More On Social Security

"As reported in last month's Lowdown, step one is to portray Social Security as fatally flawed. The promised benefits are a 'hoax,' the taxes paid into the trust fund are 'wasted' rather than invested for maximum return, and 'the so-called reserve fund ... is no reserve at all.'

Interestingly, these are quotes not from today's alarmist Bushites but from the lips of Alf Landon and the pages of his party's platform when he was the Republican candidate for president way back in 1936! Note that the first Social Security check was not mailed until 1937, so the ideologues and big money interests were predicting doom and gloom and trying to undermine the program even before it started.
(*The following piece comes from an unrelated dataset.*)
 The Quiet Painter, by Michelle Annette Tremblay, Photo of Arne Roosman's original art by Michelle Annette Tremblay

Indeed, dismantling Social Security has been a central tenet of the right wing for nearly 70 years, and it's been an increasingly serious goal of GOP presidential politics since the hardcore right made its grab for the reins of the party's national leadership with Barry Goldwater's 1964 run. Nothing that Bush is saying today is new. Just as George is now doing, Goldwater painted a picture of a collapsing system 40 years ago, declaring that 'it is not actuarially sound' and contending that he merely wanted 'to make Social Security solvent, to improve it.' Likewise, Ronnie Reagan called for the same sort of privatization approach now touted by Bush. 'Can't we introduce voluntary features that would permit a citizen to do better on his own?' the Gipper asked.
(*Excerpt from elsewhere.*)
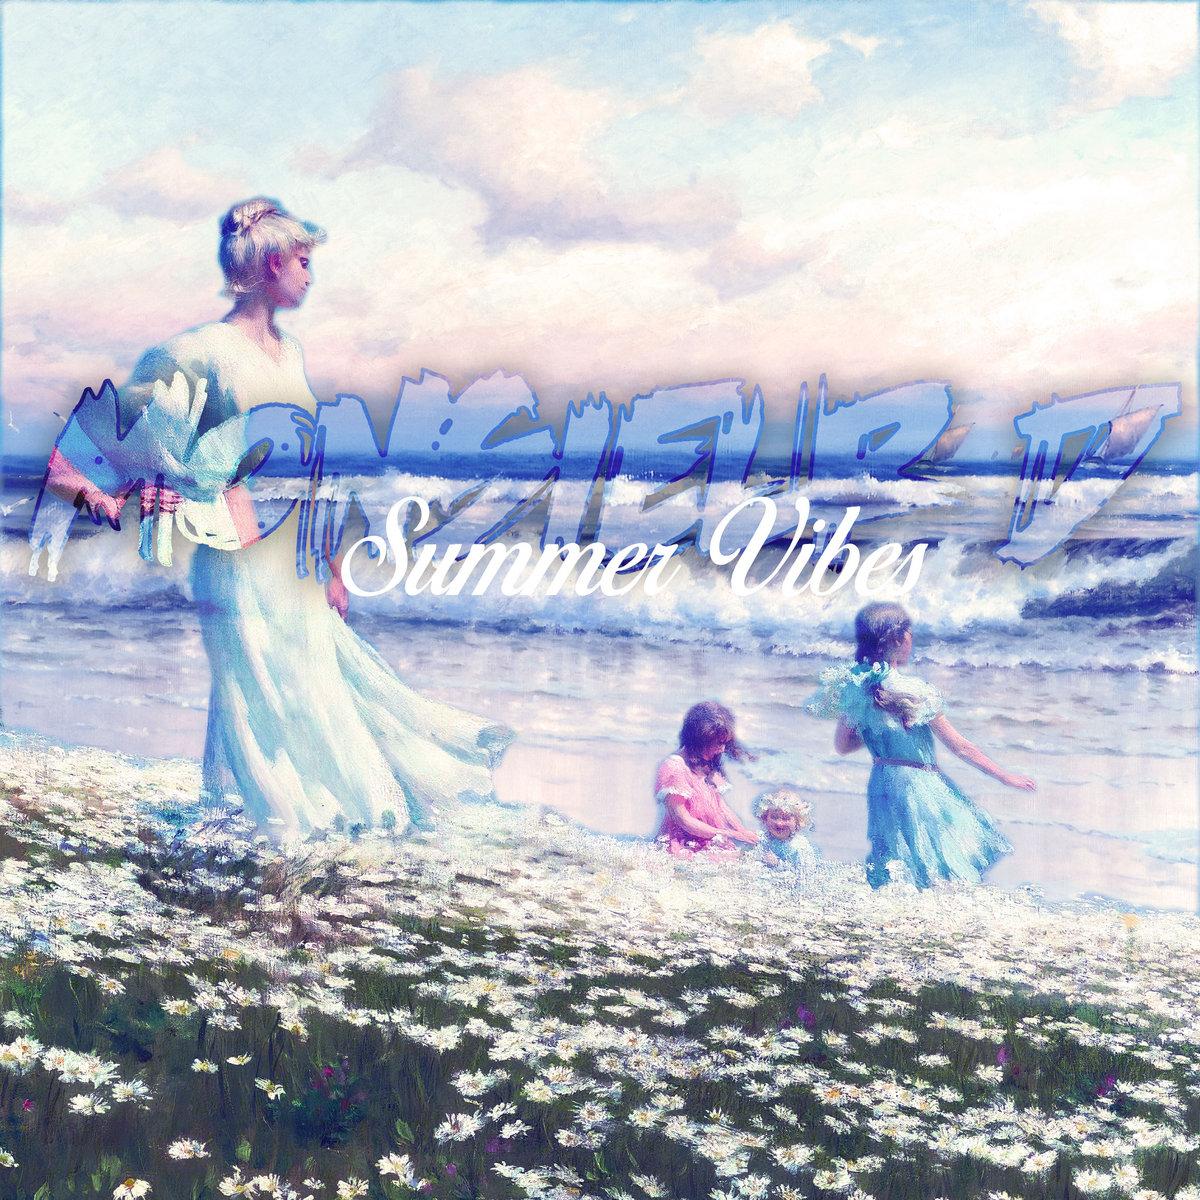 Summer Vibes by Monsieur D

While politicians from Goldwater to George have portrayed their assault on the program in terms of 'saving' it with a curative dose of privatization, it's really the very existence of Social Security that sticks in their craw. (In '64, in a moment of candor about his real intentions, Goldwater said, 'Perhaps Social Security should be abolished.') Behind this campaign is the right wing's anti-government dogma, which has trumped the obvious need to guarantee people a basic level of retirement security."